Our attention to local perspectives suggests that climate change is only one among multiple crises that coastal communities are experiencing, some of which are more specifically rooted in regional, rather than planetary, economic and political processes. Expanding its conceptual framework, the project has charted the ways in which South Asia’s coasts form both an ecological and a strategic frontier, shaped by struggles over water that reach from the Himalayan rivers to the deep sea.
Coastal Frontiers has crossed and bridged disciplines. The project team itself marked a collaboration between a historian and an anthropologist: we have combined the techniques of intensive archival research and critical analysis of documentary sources with the immersive techniques of ethnography. Building out from there, the project has by made links between the humanities and the sciences.
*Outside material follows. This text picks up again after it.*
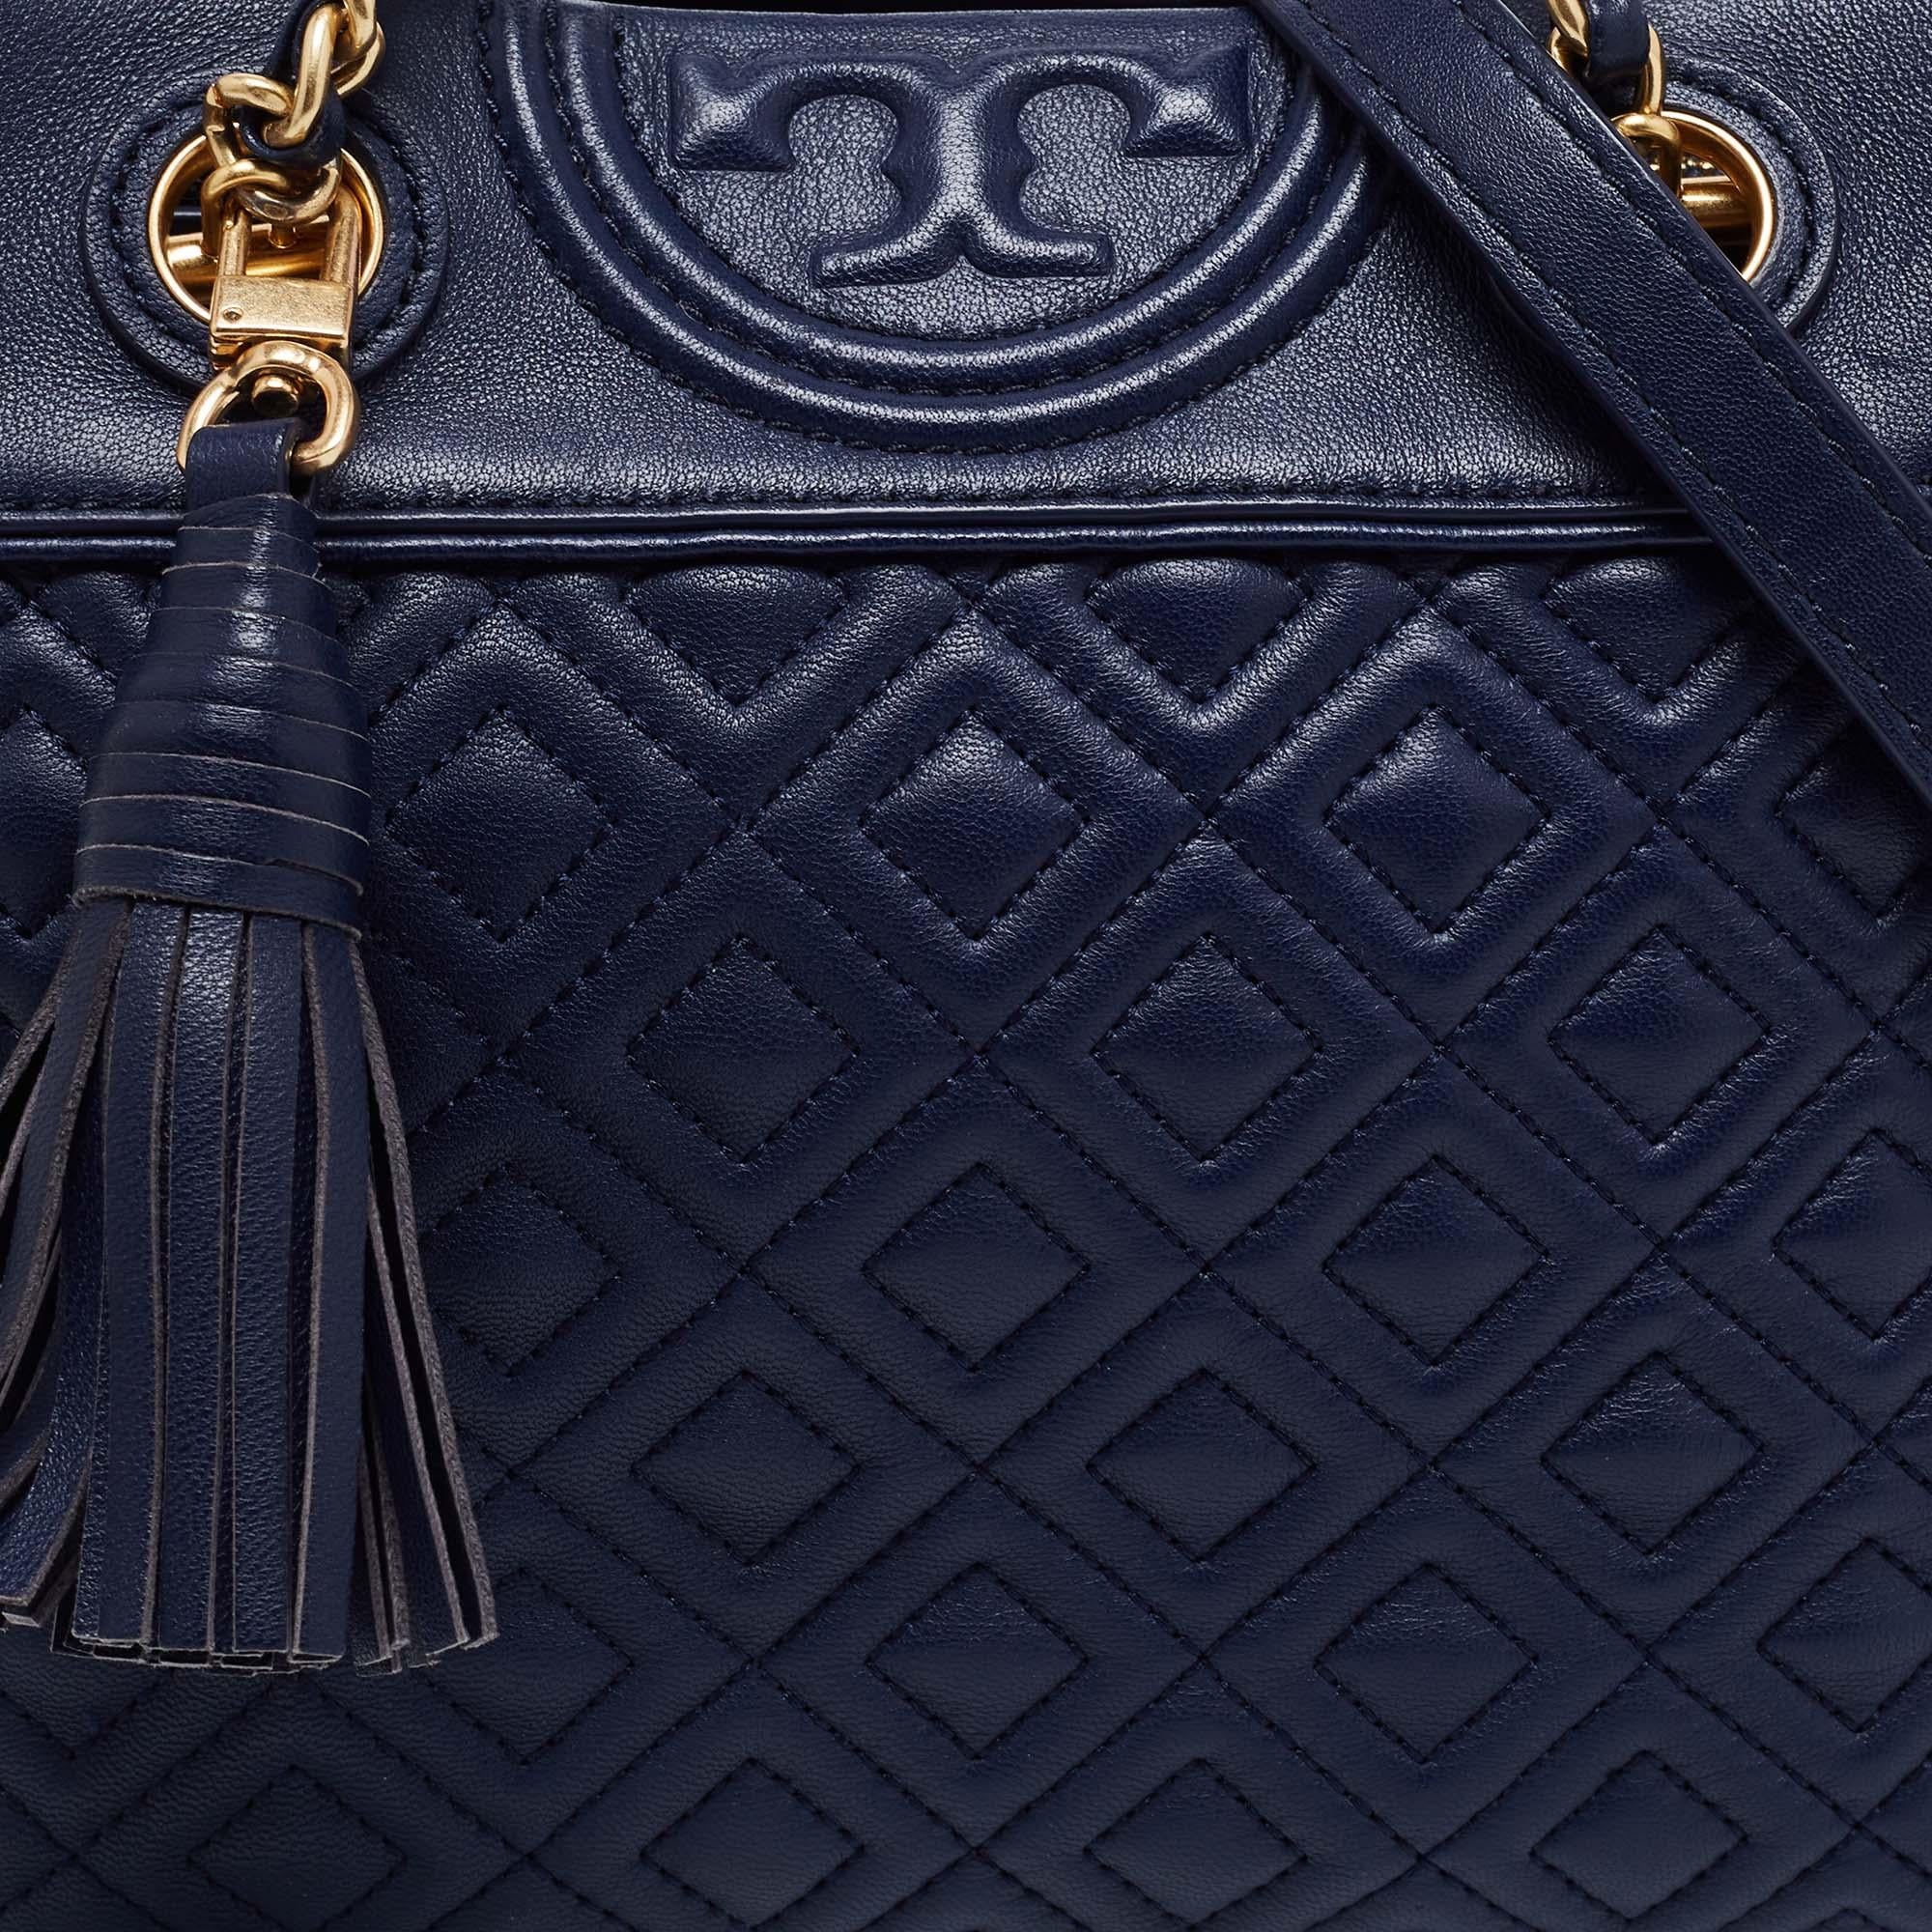 Tory Burch Blue Leather Fleming Tote 7

Given that Coastal Frontiers has contained a significant component of history of science—the history of meteorology and coastal ecology, for example—it was only natural to move from that to discussions with contemporary meteorologists and climate scientists.

The project’s flagship publication, the PI’s sole-authored book, Crossing the Bay of Bengal: The Furies of Nature and the Fortunes of Migrants, was awarded the American Historical Association’s John F. Richards prize for the best book on South Asian History in 2014.